Monday, Jul. 16, 1945
Flaming Oil
Balikpapan Bay was still a multiple booby trap of Japanese mines when a U.S. engineer detachment sailed in. Aboard two LCMs, the engineers safely threaded their way to the Jap-built pontoon wharves, tied up, then raced the length of the narrow beach to begin rebuilding Sepinggang airstrip, just captured by the Australian 7th Division.
Three days later, short, balding Major General Edward James Milford's slouch-hatted Aussies held an 18-mile-long beachhead which included virtually everything of importance in southeastern Borneo. They had taken Balikpapan, the "Ploesti of the Pacific," then made a three-mile westward dash across the bay to secure the city's extensive harbor. Driving 13 miles northeastward, they had won the two hard-surfaced, 4,000-foot runways of the area's second important airfield, Manggar airdrome. North of Balikpapan, they had cut off the big Pandansari refinery district, in ruins from the terrific pre-invasion Allied air and naval bombardment.

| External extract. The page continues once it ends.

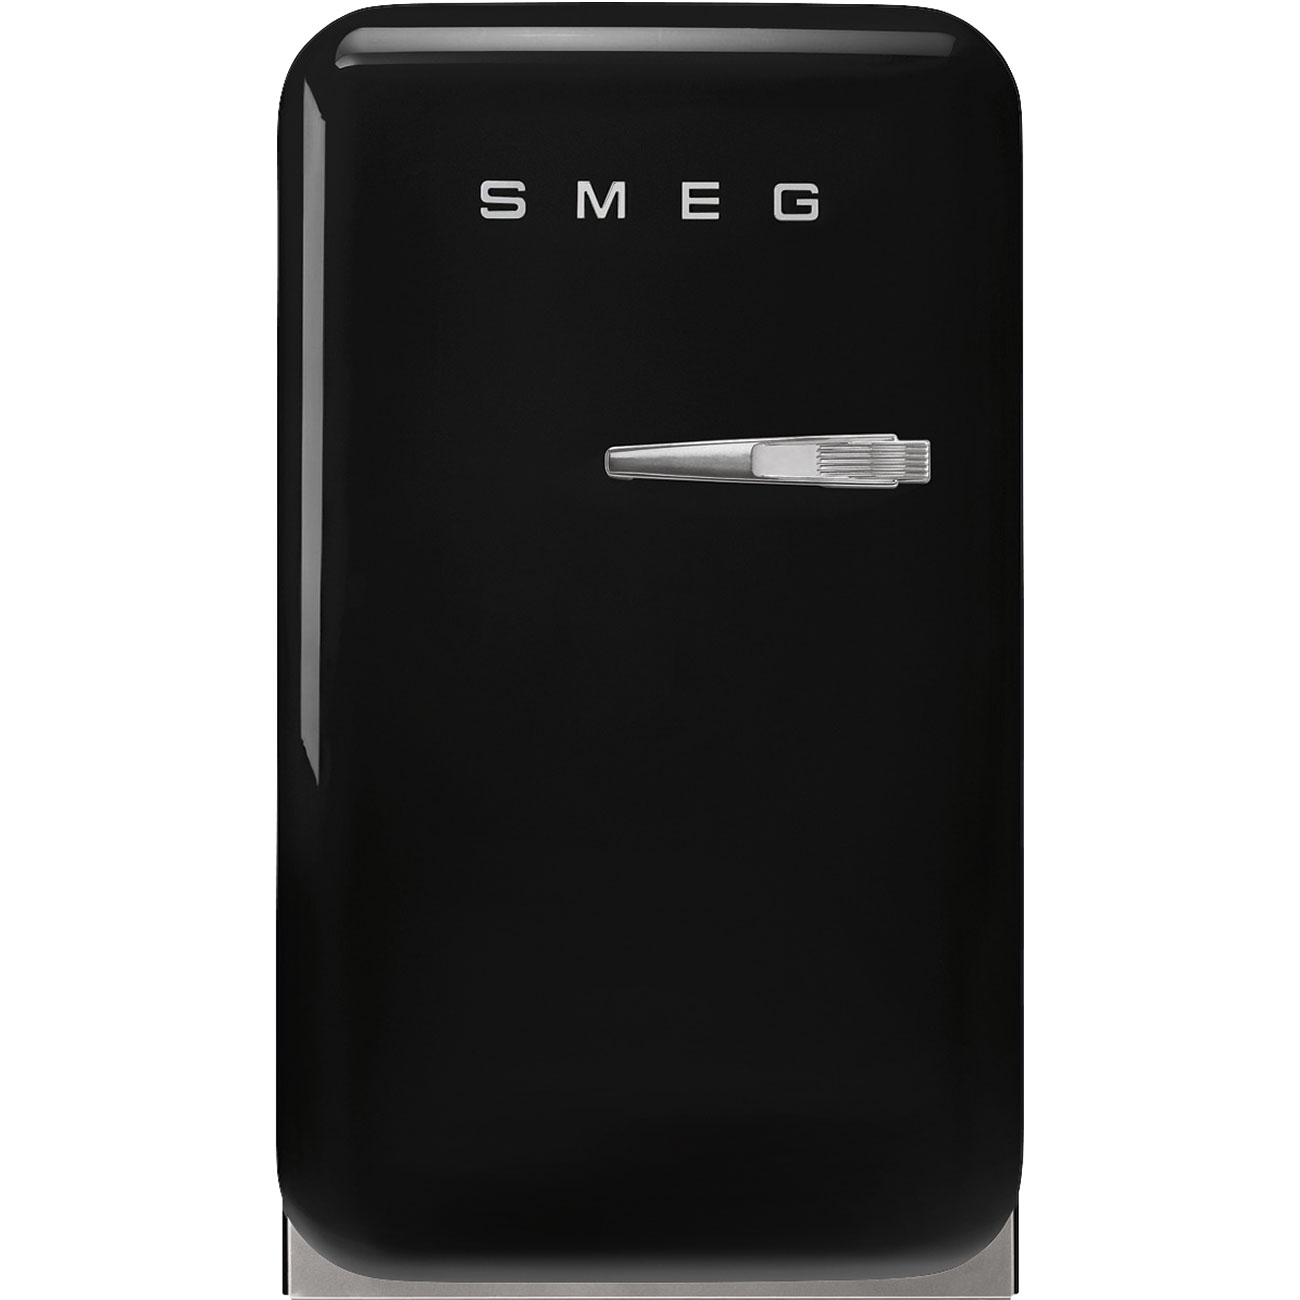 Black refrigerator - Smeg_1

As at Okinawa, the landing operation had been met by only sporadic opposition. Jap plans to flood the beaches with burning oil misfired, but farther inland the Diggers were stopped in their tracks by a flaming river of oil roaring down a ravine. Also paralleling Okinawa, the promise of bitter fighting and high casualties lay ahead. The Japs were digging in along the hills for a last-ditch defense of Samarinda, their last oil-producing area in southeastern Borneo.